GOP operative claiming Flynn connection sought Clinton emails
A Republican operative named Peter W. Smith sought out Clinton campaign emails from hackers before the 2016 presidential election, and said he was discussing the matter with Michael Flynn, the Wall St Journal reports. Flynn at the time was serving as an advisor to then-candidate Trump
The WSJ reports Smith and his colleagues considered Flynn and his consulting company "allies in their quest." Eric York, a computer security expert who searched on behalf of Smith for people who had access to the hacked emails told the Journal Smith said, "'I'm talking to Michael Flynn about this — if you find anything, can you let me know?'"
The Russia connection: Smith said he and his colleagues found two of the five hackers claiming to have Clinton's emails were Russians.
Flynn did not respond to requests for comment. A Trump campaign official said Smith didn't work for the campaign and that if Flynn coordinated with Smith on the matter, it would have been as a private citizen. Smith died May 14, ten days after the WSJ interviewed him.

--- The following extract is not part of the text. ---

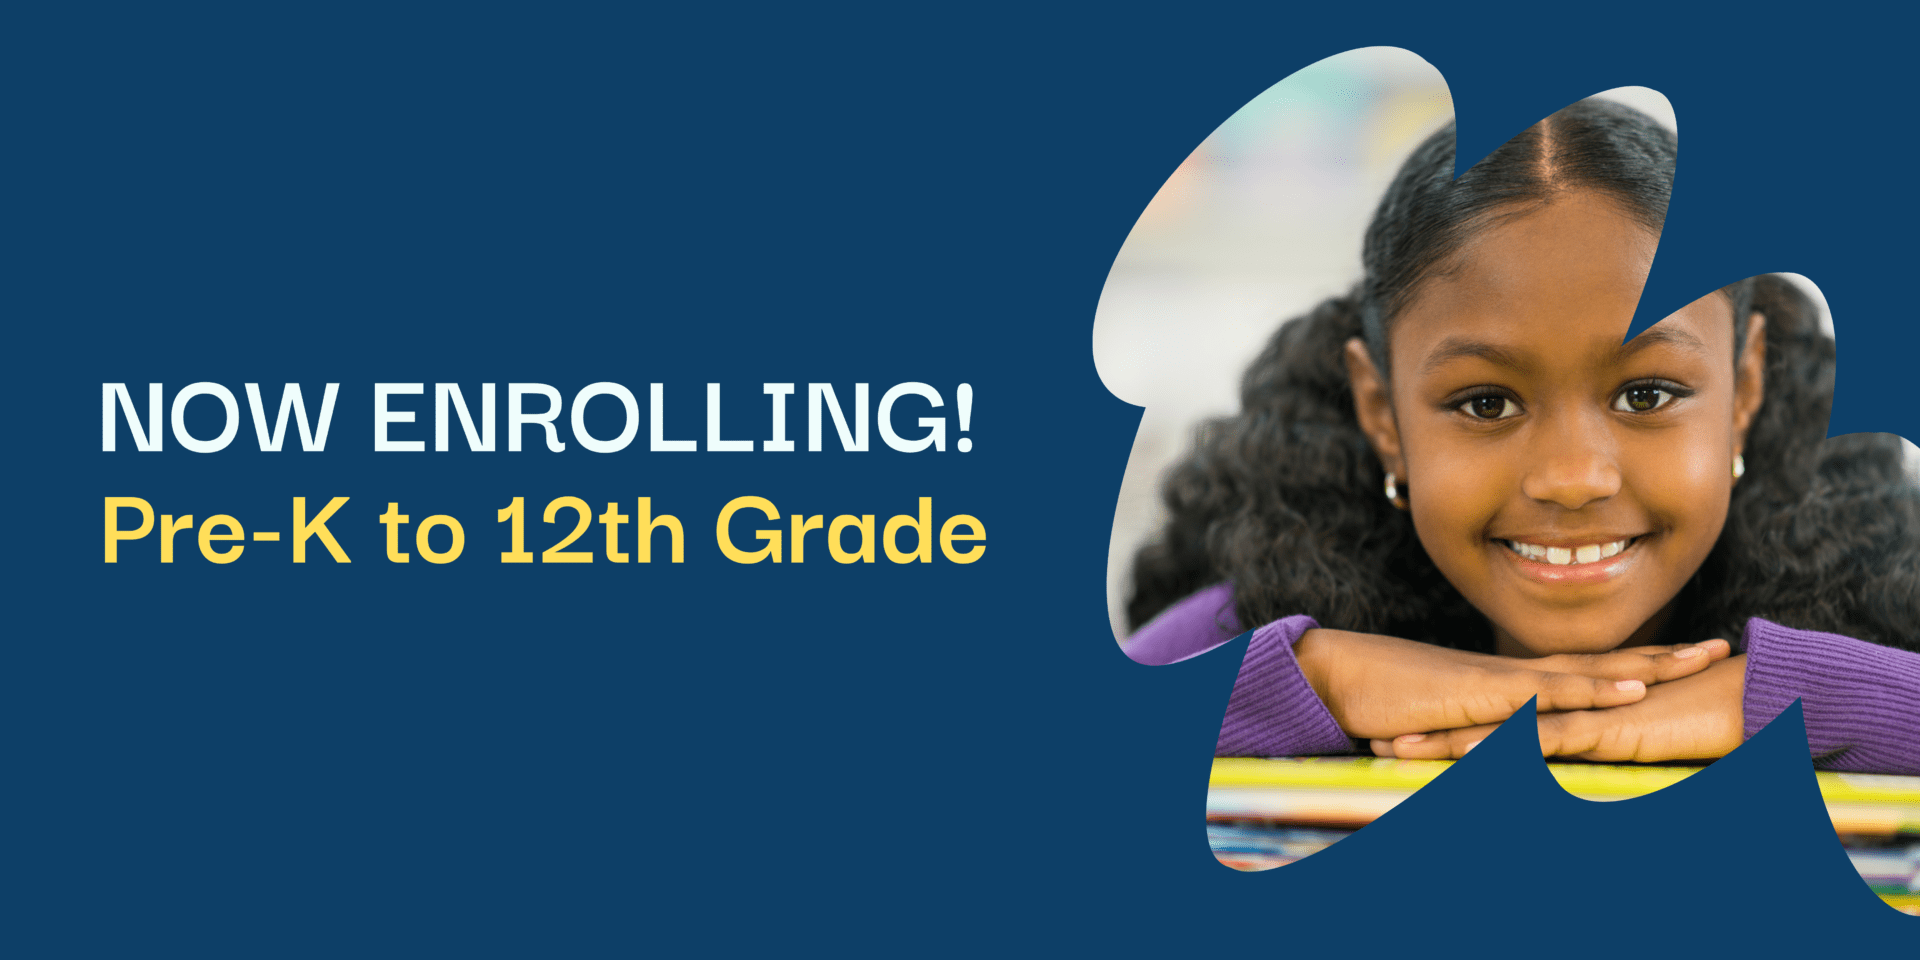 School enrollment advertisement featuring a smiling young student with text 'now enrolling! pre-k to 12th grade' on a blue background.

The global malware escalation exposes entire governments
The latest global malware attack reflects an evolution of cyber warfare in which the communications of entire governments and countries can be crippled without recourse, says a leading computer security expert. While security firms and intelligence agencies continue to scramble to address Tuesday's attack, they have concluded that there is little or nothing to do about the data encrypted by the attackers.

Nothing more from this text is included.